═══ DATA EXCERPT

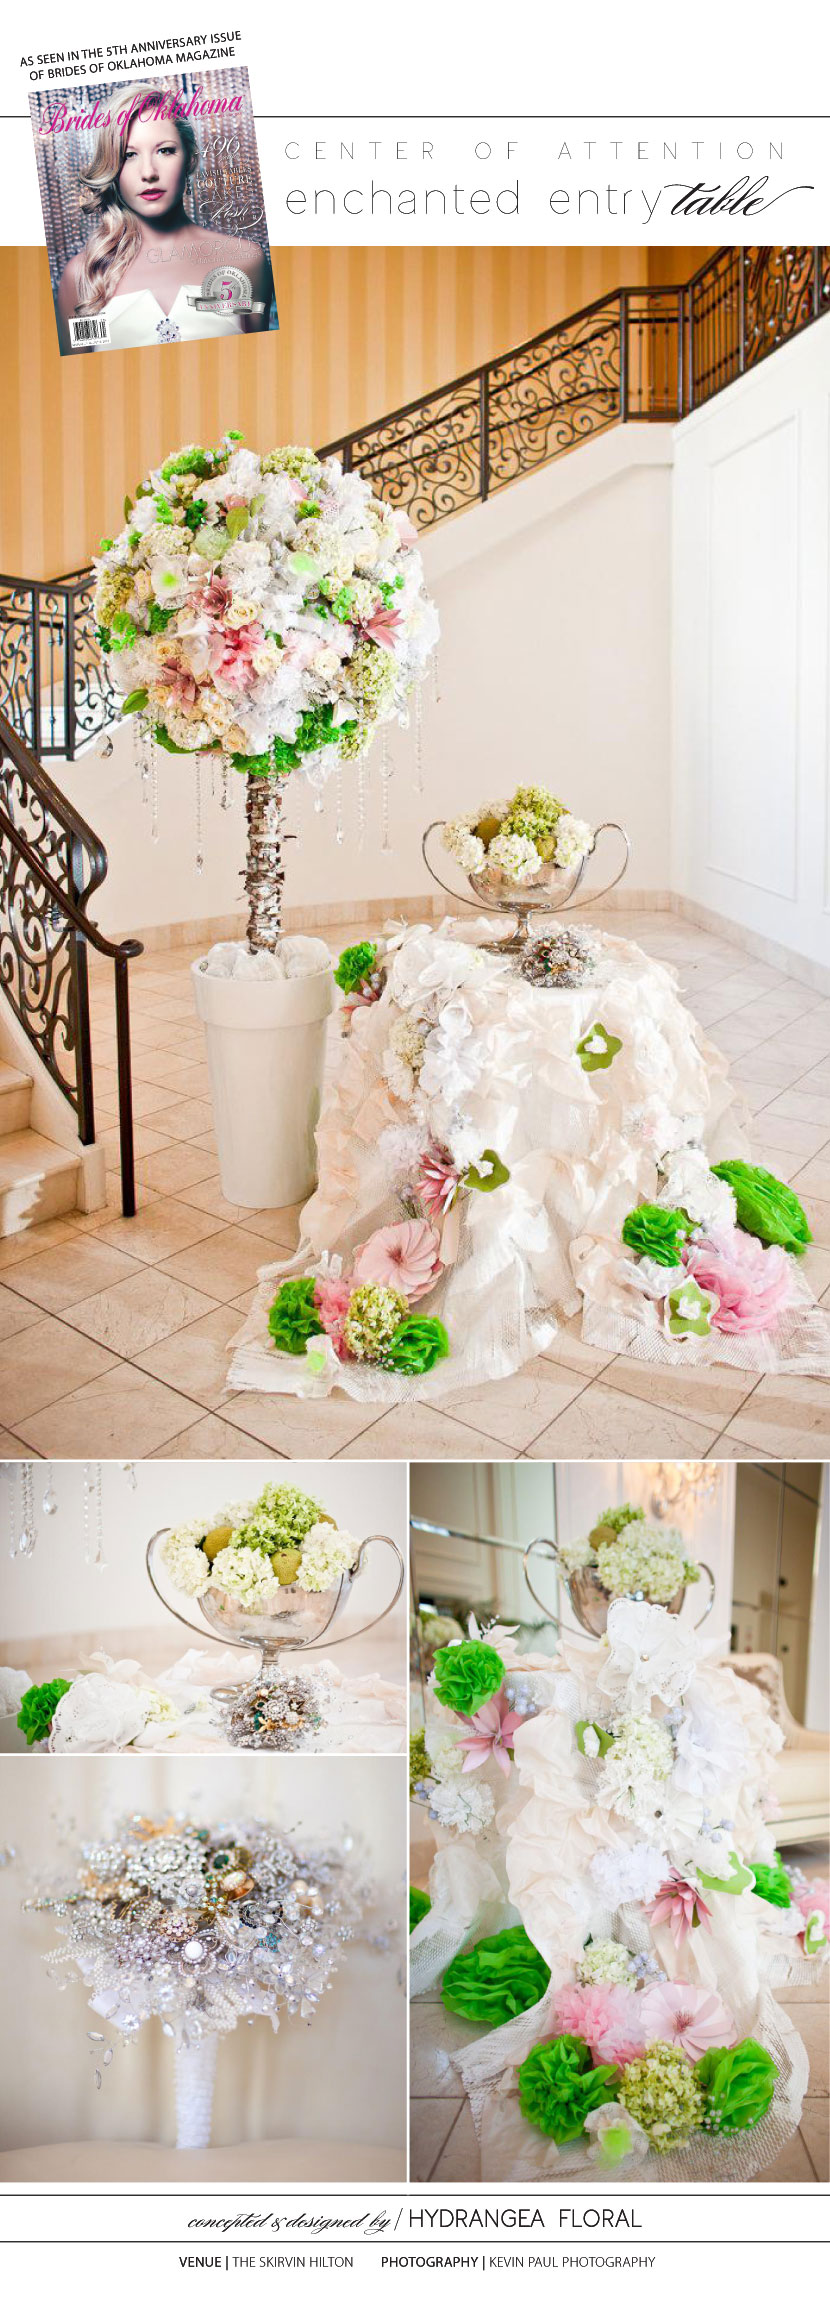 Oklahoma wedding flowers display by Hydrangea Floral
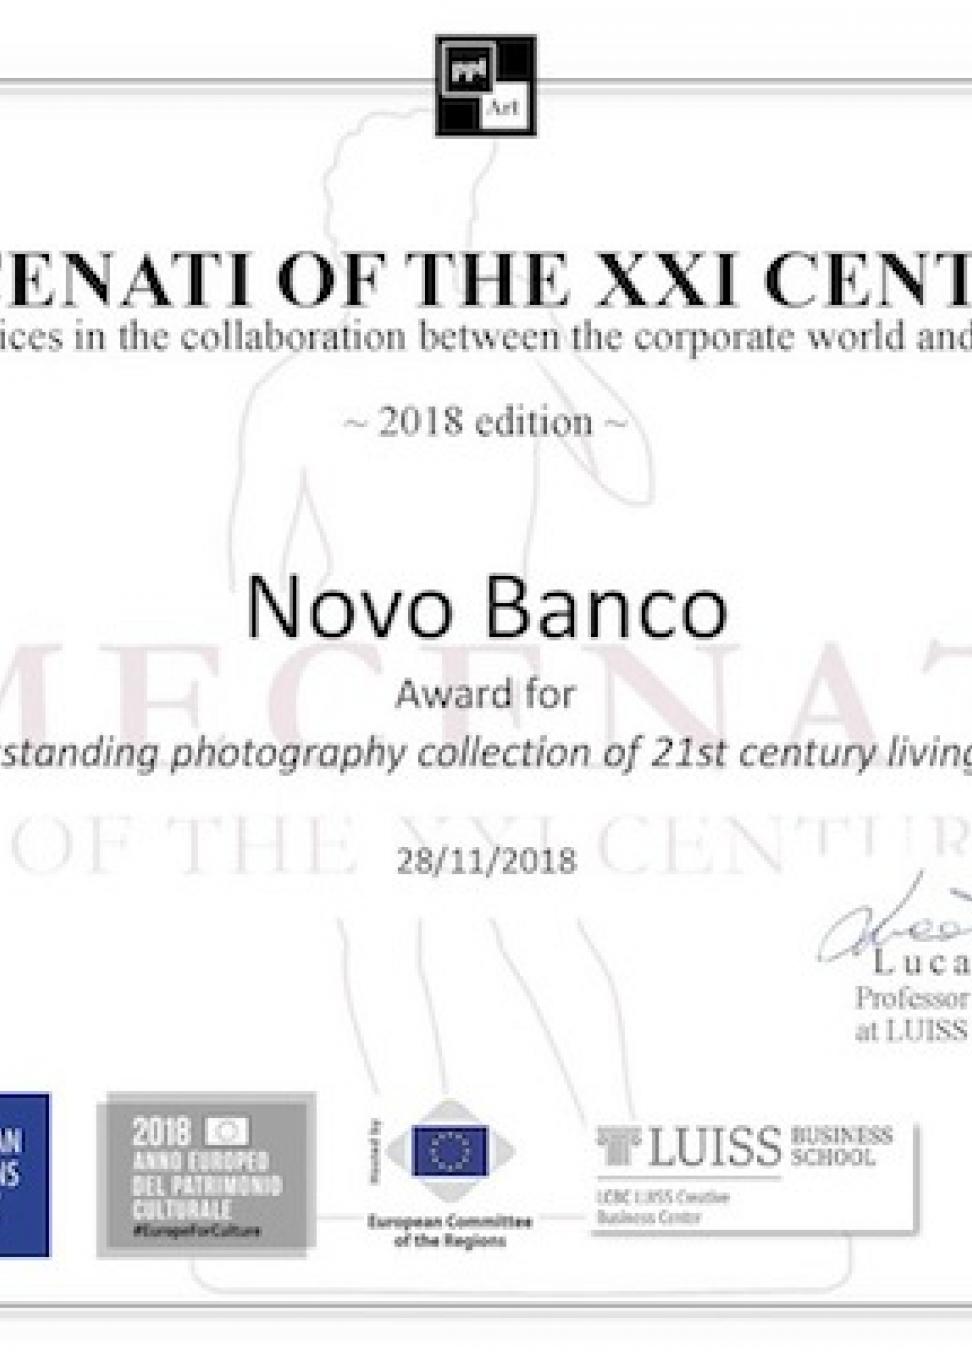 2018 Corporate Art Awards - Mecenati of the XXI Century
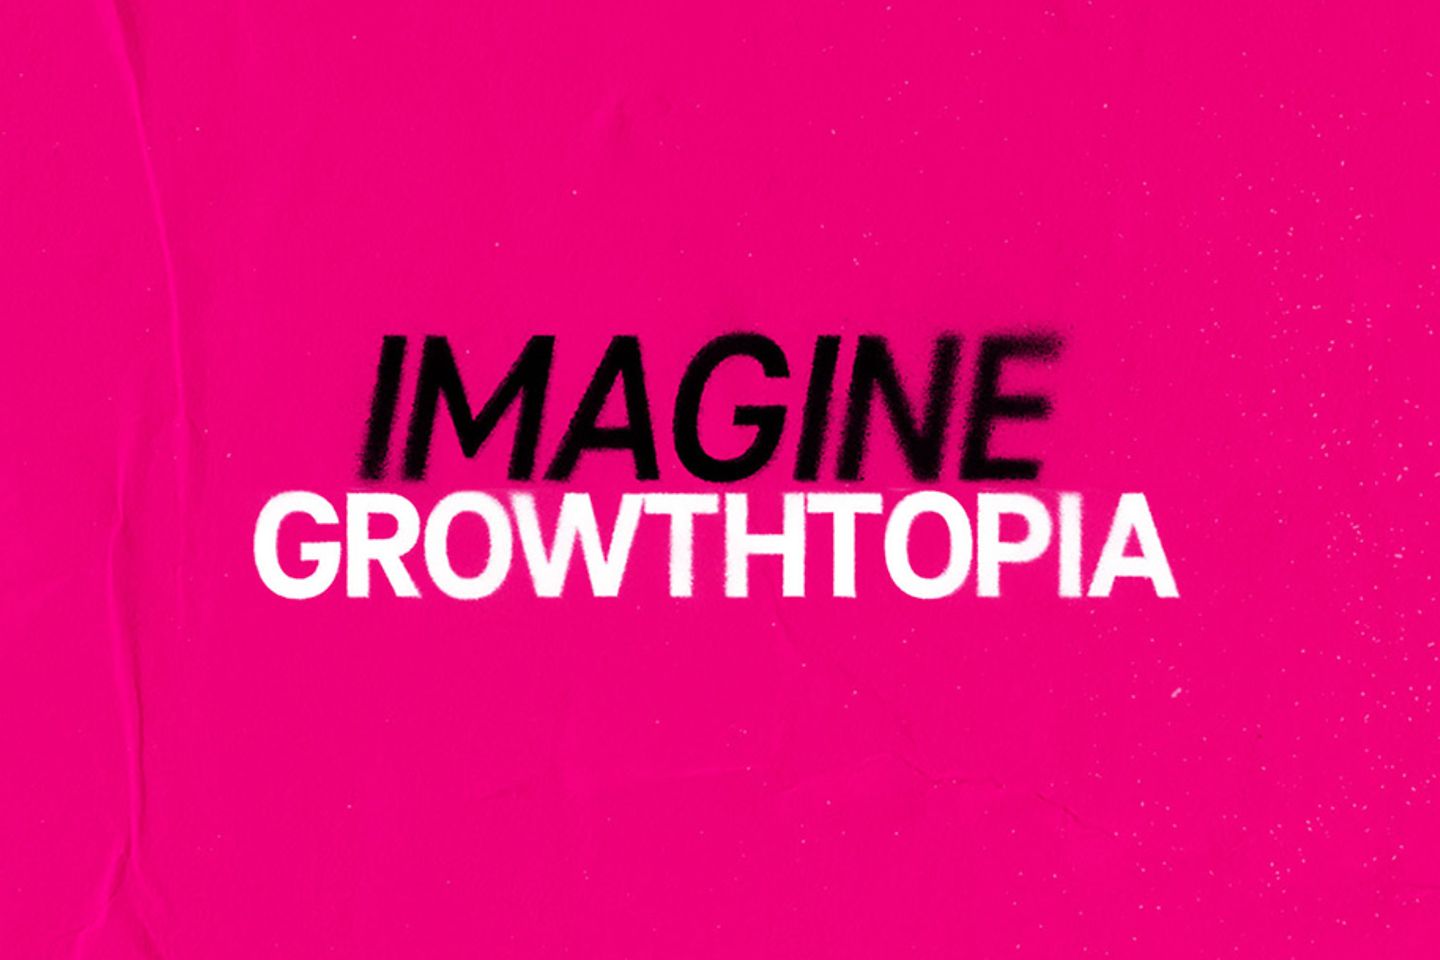 Image with typo “Create your growthtopia”

══════

EXERCISE DIRECTIONS: All the material shown above is to be copied exactly, with no pictures carried over.

TASK RESPONSE:
 Oklahoma wedding flowers display by Hydrangea Floral
 2018 Corporate Art Awards - Mecenati of the XXI Century
 Image with typo “Create your growthtopia”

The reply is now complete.